::: SUPPLIED INFORMATION :::
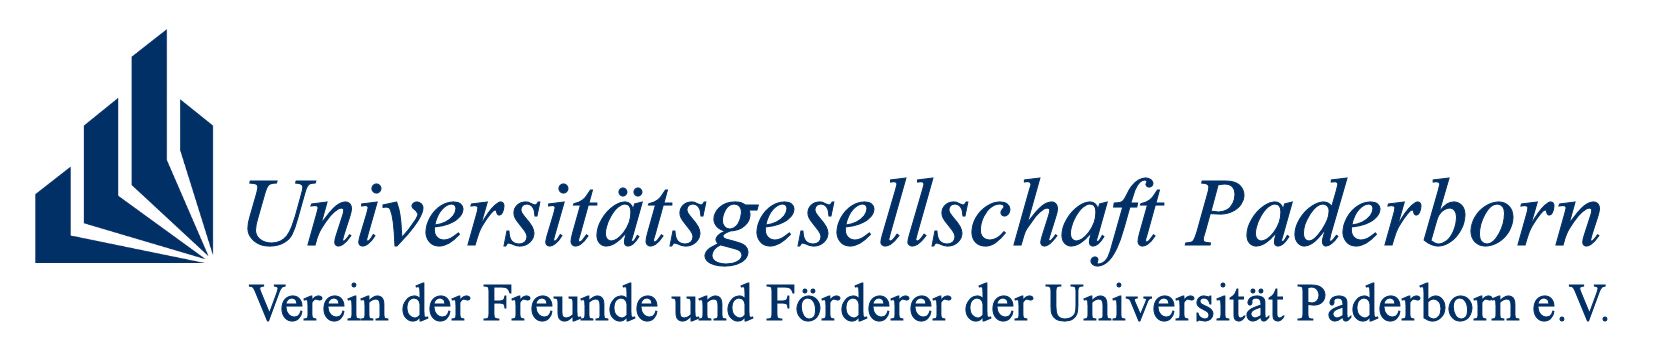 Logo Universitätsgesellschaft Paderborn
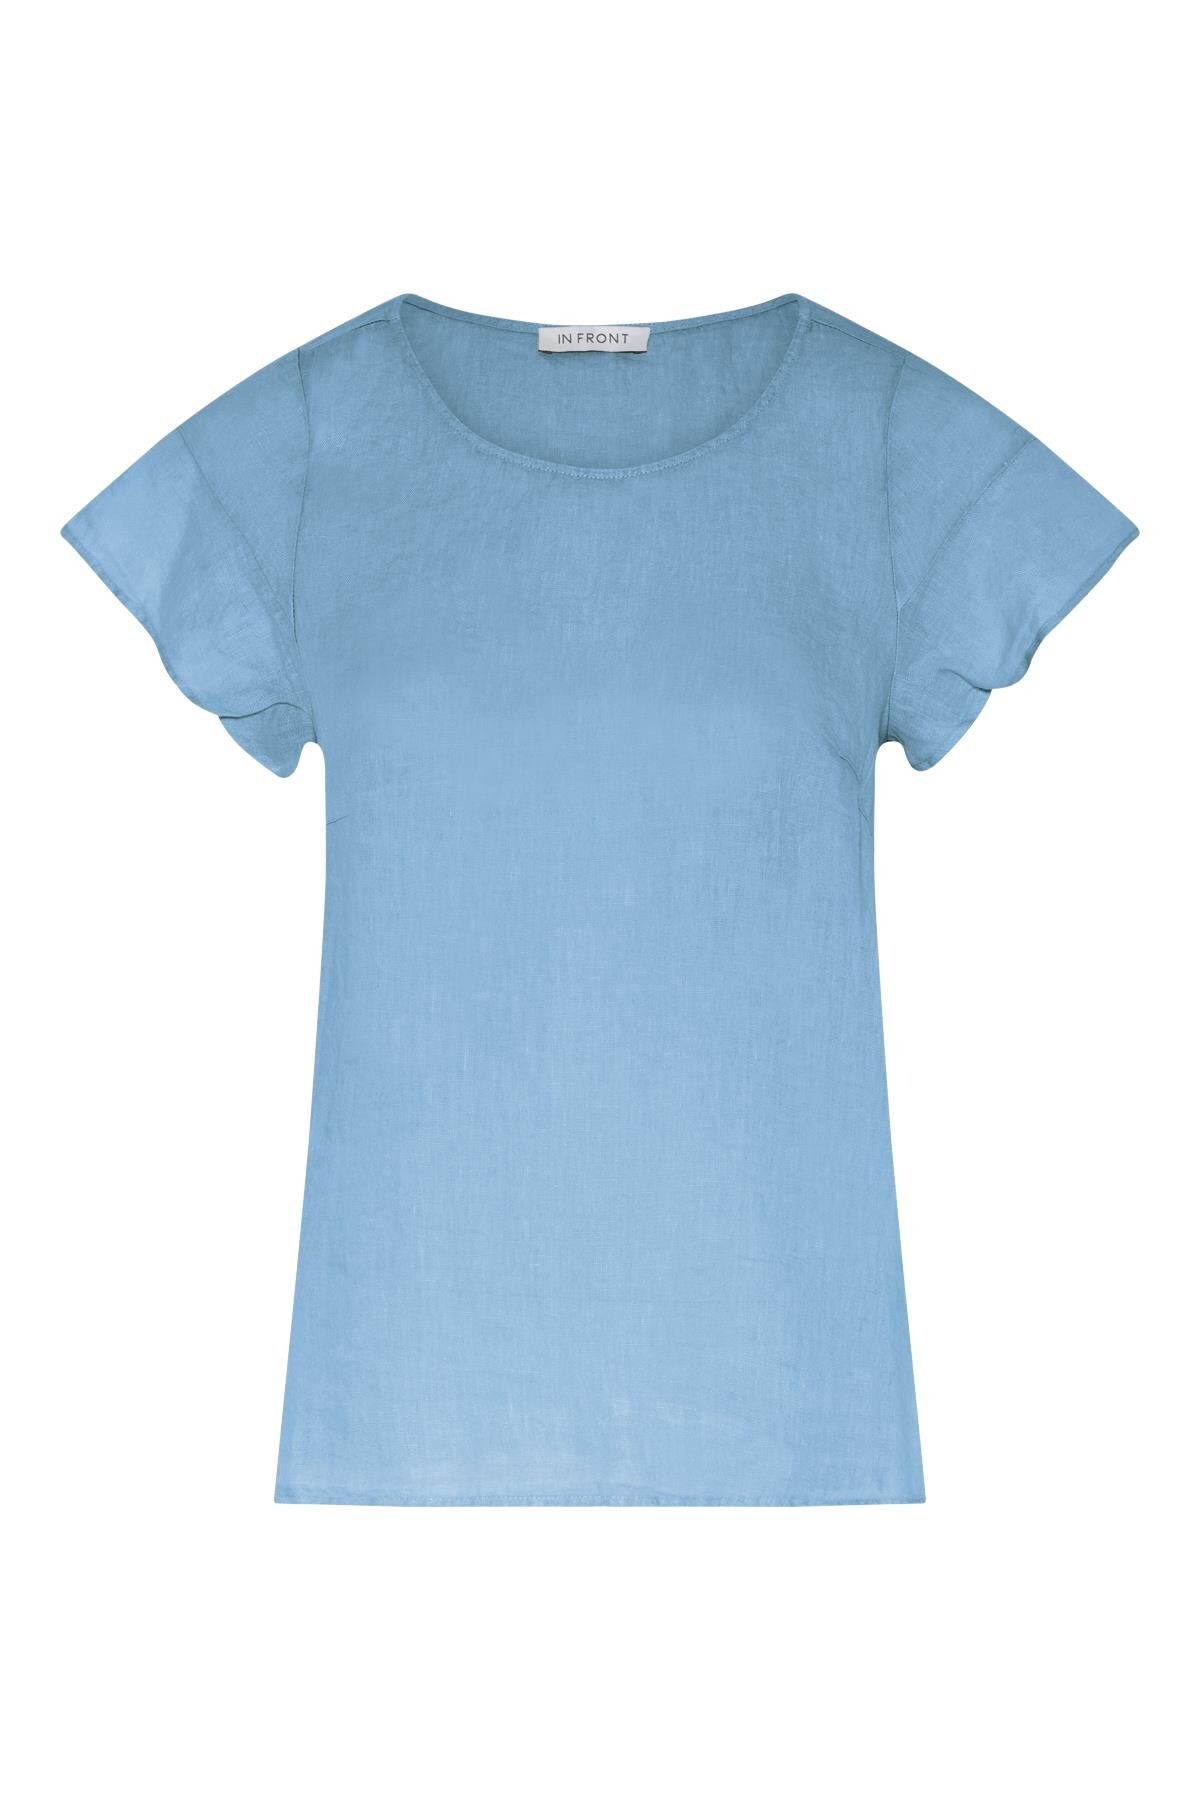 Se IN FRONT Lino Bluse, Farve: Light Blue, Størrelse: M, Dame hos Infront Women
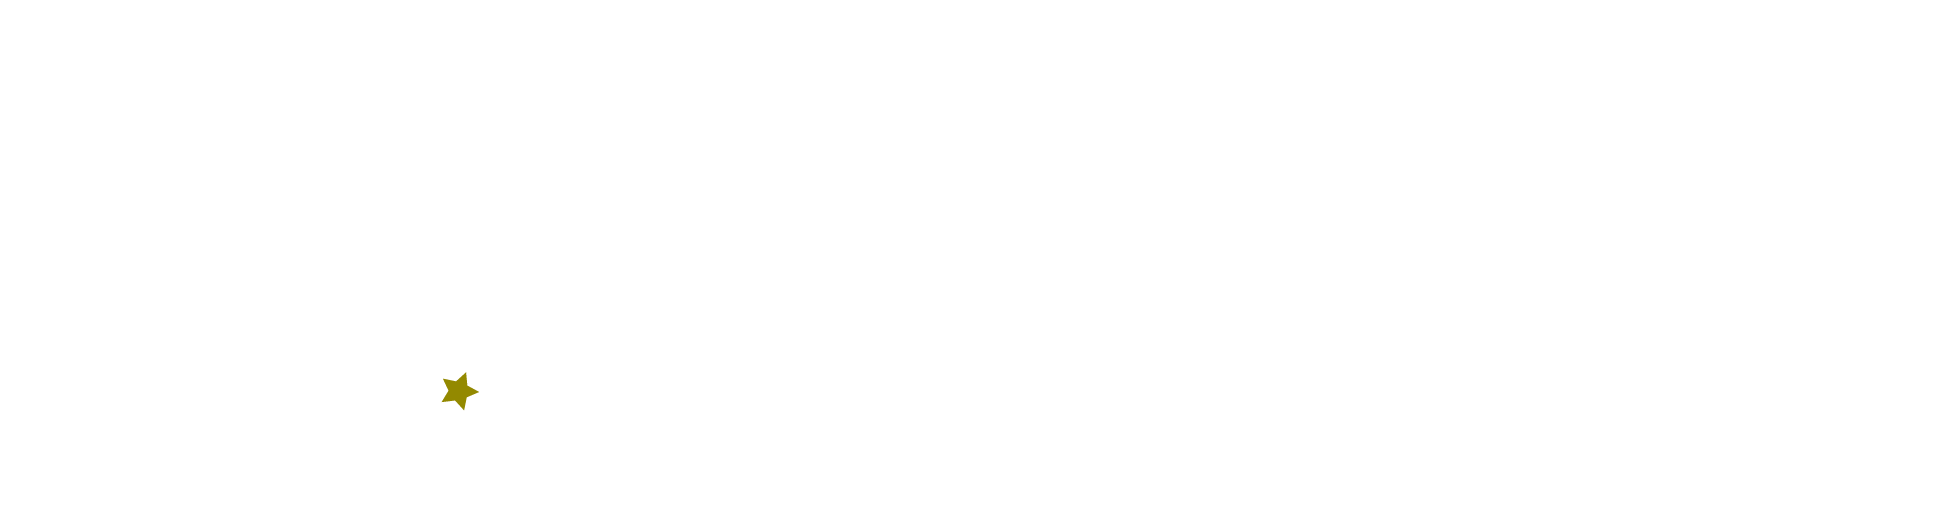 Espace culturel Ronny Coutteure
:::
## TASK
Here the job is to print the data above exactly, except for any pictures.

## RESULT OF THIS TASK
 Logo Universitätsgesellschaft Paderborn
 Se IN FRONT Lino Bluse, Farve: Light Blue, Størrelse: M, Dame hos Infront Women
 Espace culturel Ronny Coutteure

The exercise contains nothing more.